Currently, only two foundries offer their customers 3 nm and 4 nm-class process technologies: TSMC and Samsung Foundry. But business media sometimes blames Samsung Foundry for mediocre yields on leading-edge nodes, which cannot be verified. But a set of recent reports claim that Samsung is now at a point where they are shipping their first GAAFET-based 3 nm chips to commercial customers, and that the yields of Samsung’s 3 nm and 4 nm-class nodes are in decent shape overall.
Samsung Foundry’s 4 nm-class process technology yield is now higher than 75%. In contrast, yields of chips on SF3E (3nm-class, gate-all-around early) now exceeds 60%, according to estimates in a report from Hi Investment & Securities, a member of DGB Financial Group, reports Kmib.co.kr. The same report claims that TSMC’s yields at its N4 node approach 80%, but again, this is an estimate by a researcher.
In general, information about yields at foundries cannot be verified since contract fabs almost never publicly talk about yields.

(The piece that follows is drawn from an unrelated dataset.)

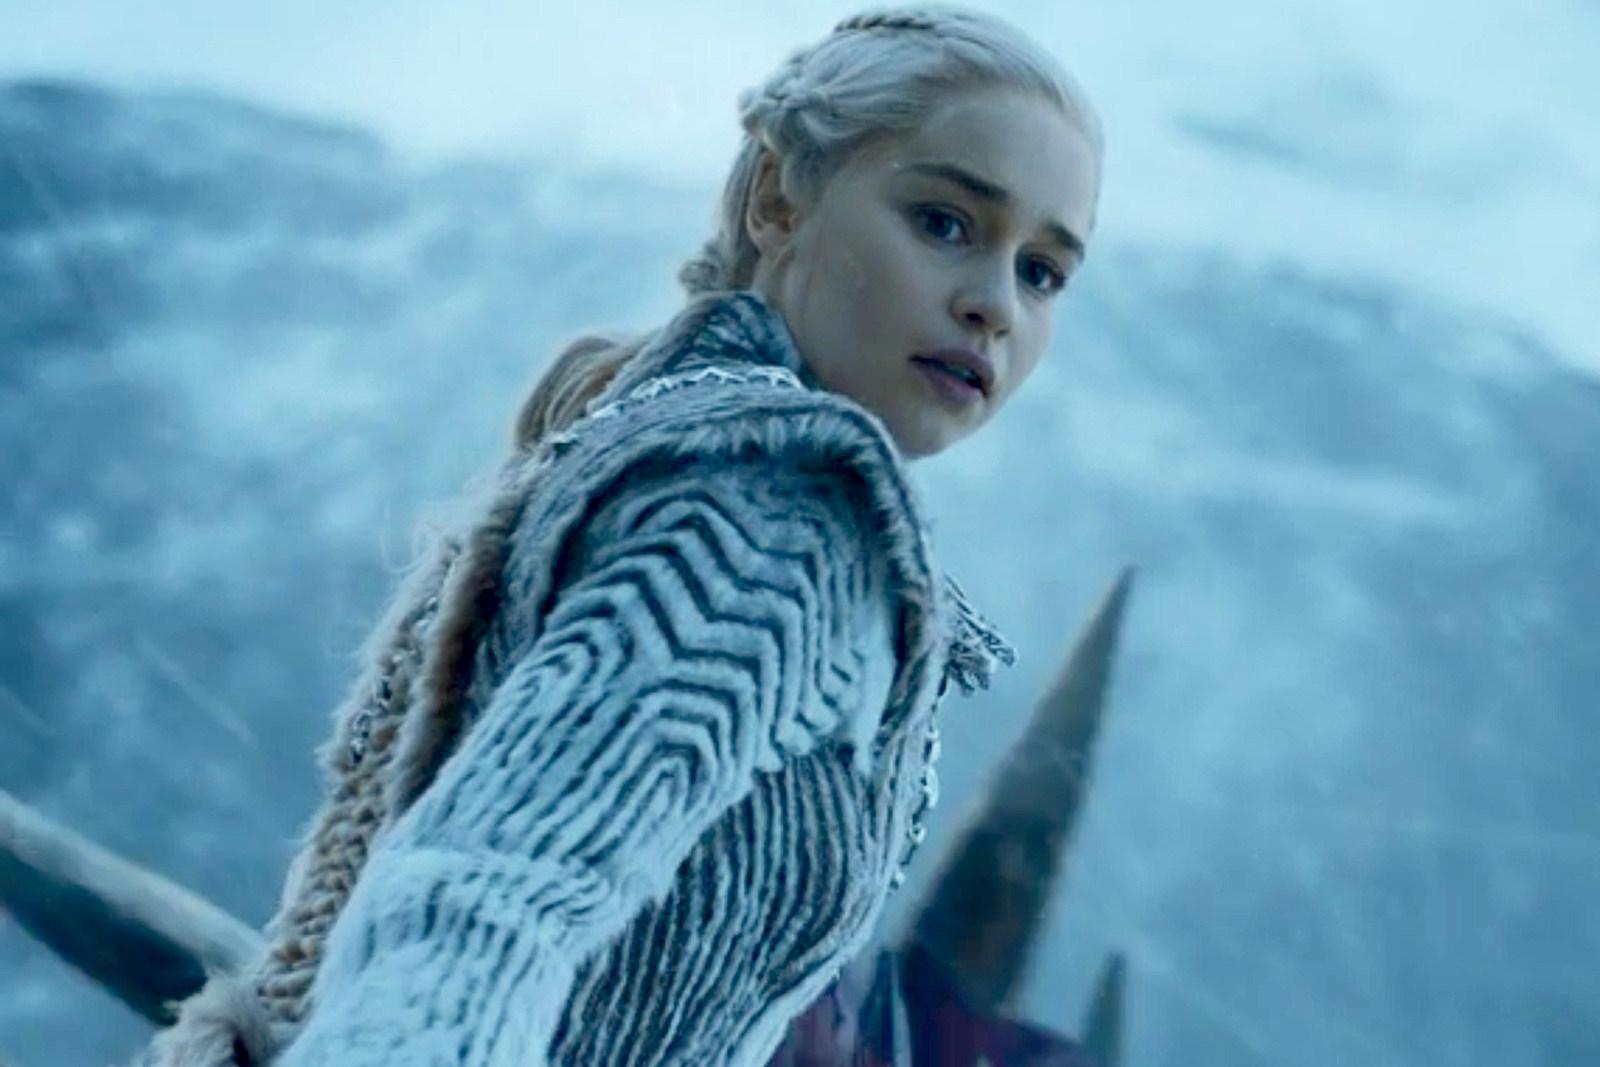 Game Of Thrones Season 8 Photos Hint At White Walker Upgrade

They sometimes disclose defect density publicly compared to previous nodes, but this is hardly the case for Samsung Foundry’s SF4E, SF4, SF4P, and SF3E.
Officially, Samsung Foundry only says that its SF3E process technology is in high-volume production with stable yields (possibly to address a media report from late last year which said that SF’s yields on SF3E were unstable), and the development of refined SF3 is ongoing.
“We are mass producing the 1st gen 3nm process with stable yields, and, based on this experience, we are developing the 2nd gen process to secure even greater mass production capabilities,” a statement by Samsung reads.
Meanwhile, TechInsights found one of the first chips made on Samsung’s SF3E process. This is the Whatsminer M56S++ which is apparently a cryptocurrency mining chip from MicroBT, a Chinese developer. Mining chips are relatively simplistic devices with loads of regular structures and few SRAM bit cells. Such chips are easy to build and make for great pipe cleaners for the latest process technologies, so it is not surprising that Samsung Foundry is making them rather than large ASICs on its SF3E. Though as a reminder, smaller chips have intrinsically higher yield rates than large ASICs (lower odds of any given chip covering a flawed spot on a wafer), so the commercial viability of the Whatsminer M56S++ does not mean that a relatively large smartphone or PC SoC would hit the same yields or be equally as viable at this time.
There is an indirect confirmation that yields of Samsung’s 5 nm and 7 nm-class fabrication processes are improving. The utilization rate of Samsung Foundry’s for 5 nm-capable lines increased to 80%, and the combined utilization rate of 5nm and 7 nm-capable fabs climbed to 90% recently, up from 60% in 2022, according to a DigiTimes story that cites ET News. Again, the information comes from an unofficial source.
Typically, fabless chip designers are not inclined to use nodes with high defect densities, so if the utilization rate of 5 nm-class (Samsung’s SF4 derived from SF5) gets higher, this may indicate that they are now more intensively used by Samsung’s customers. Alternatively, this may be a sign that Samsung Foundry has customers desperate enough to increase production despite low yields due to high demand. Yet, given the current market conditions, this may not be the case.